Мы направились в кухню, она достала из шкафа ключи от гаража. В «Мерседесе» были ключи, но не было регистрационной карты. Зато в глубине бардачка я нашел квитанцию на страховку автомобиля на имя Роджера Армистида (10, Кресчент Драйв, Санта-Тереза, Калифорния). Записав в блокнот фамилию и адрес, я вылез из машины.
— Что вы нашли? — спросила Джин.
Я показал ей открытый блокнот.
— Вы не знаете некоего Роджера Армистида?
— Нет. Но Кресчент Драйв — это хороший адрес.
— «Мерседес» тоже стоил кругленькую сумму. Похоже, что соученица Стенли неплохо устроена. Разве что, она украла машину…
Джин сделала предостерегающий жест.
— Не так громко. Это смешно, то, что говорит Стенли, — продолжала она, понизив голос, чтобы не было слышно у соседей. — Невозможно, чтобы она была его соученицей. Я же вам говорила, она самое меньшее на шесть-семь лет моложе его. А ходил он в частную школу в Санта-Терезе.
Я снова открыл блокнот.
— Опишите мне ее.
— Миленькая блондинка. Примерно моего роста, это где-то метр шестьдесят семь-шестьдесят восемь… Стройная, килограмма 52… Голубые глаза достаточно редкого оттенка. Пожалуй, глаза — это самая красивая ее черта… и самая ненормальная.
— Что же в них ненормального?
— В них ничего нельзя прочесть.
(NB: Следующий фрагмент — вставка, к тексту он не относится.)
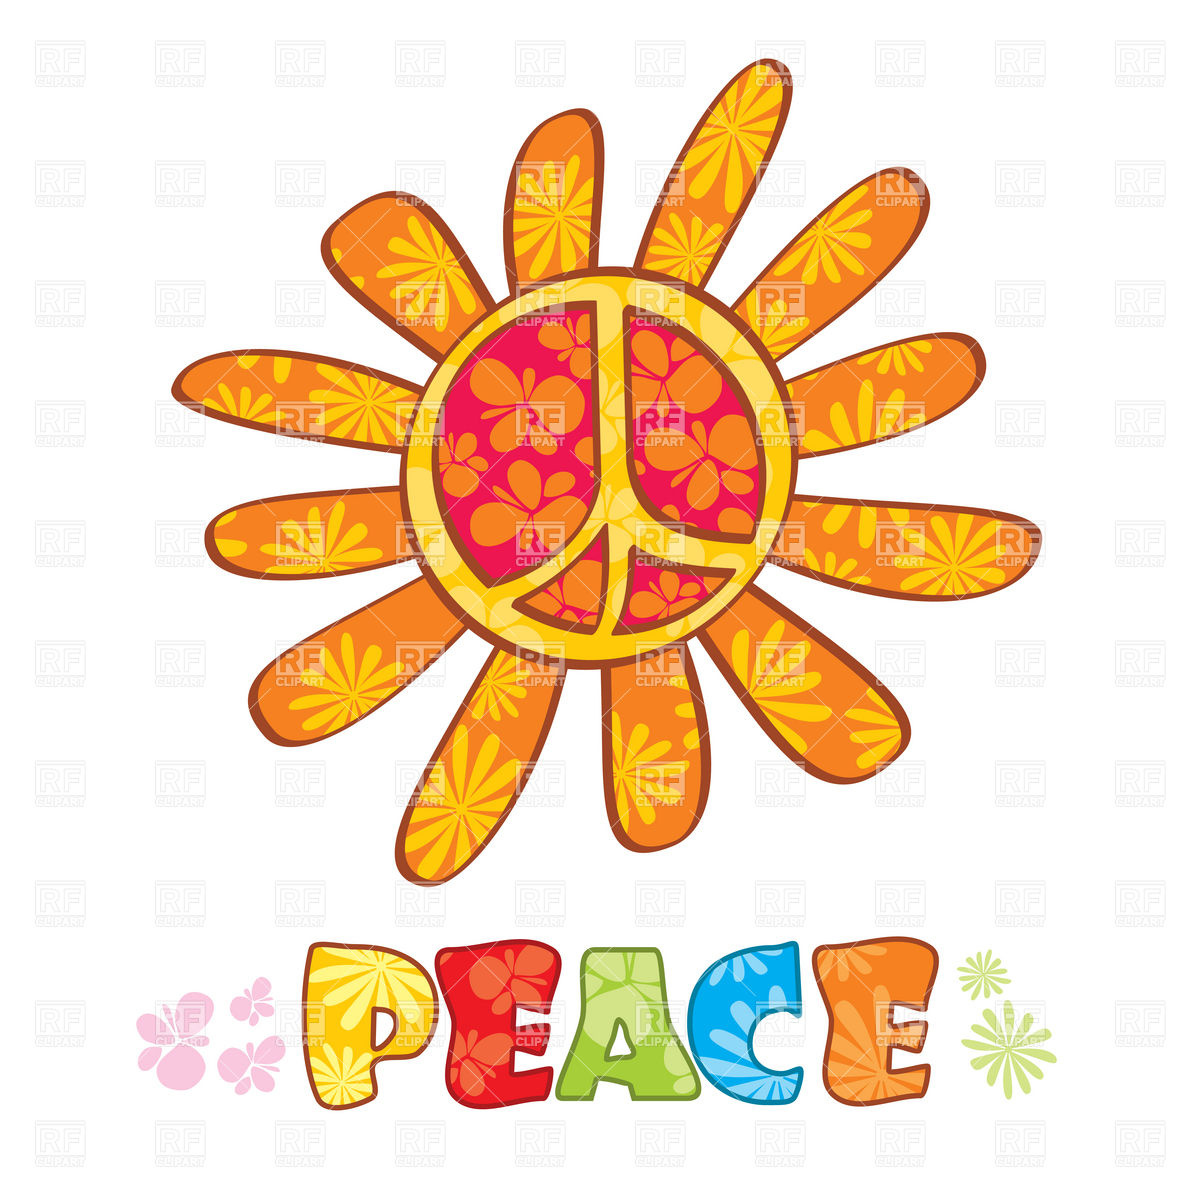 Hippie Peace Symbol With Petals 20135 Signs Symbols Maps Download

Я не могла бы сказать, то ли она совершенно невинна, то ли, с той же вероятностью, аморальна и цинична. Я не выдумала этого после всего, что произошло, — это было мое первое впечатление, когда Стенли ее привел.
— Вы не догадываетесь, зачем Стенли привел ее домой?
— Он сказал только, что она голодна и очень устала. Считал естественным, что я оставлю ее обедать, что я, собственно, и сделала. Но она ничего не ела, только немного бобового супа…
— А говорила много?
— Со мной она практически не говорила. Говорила с Ронни.
— О чем?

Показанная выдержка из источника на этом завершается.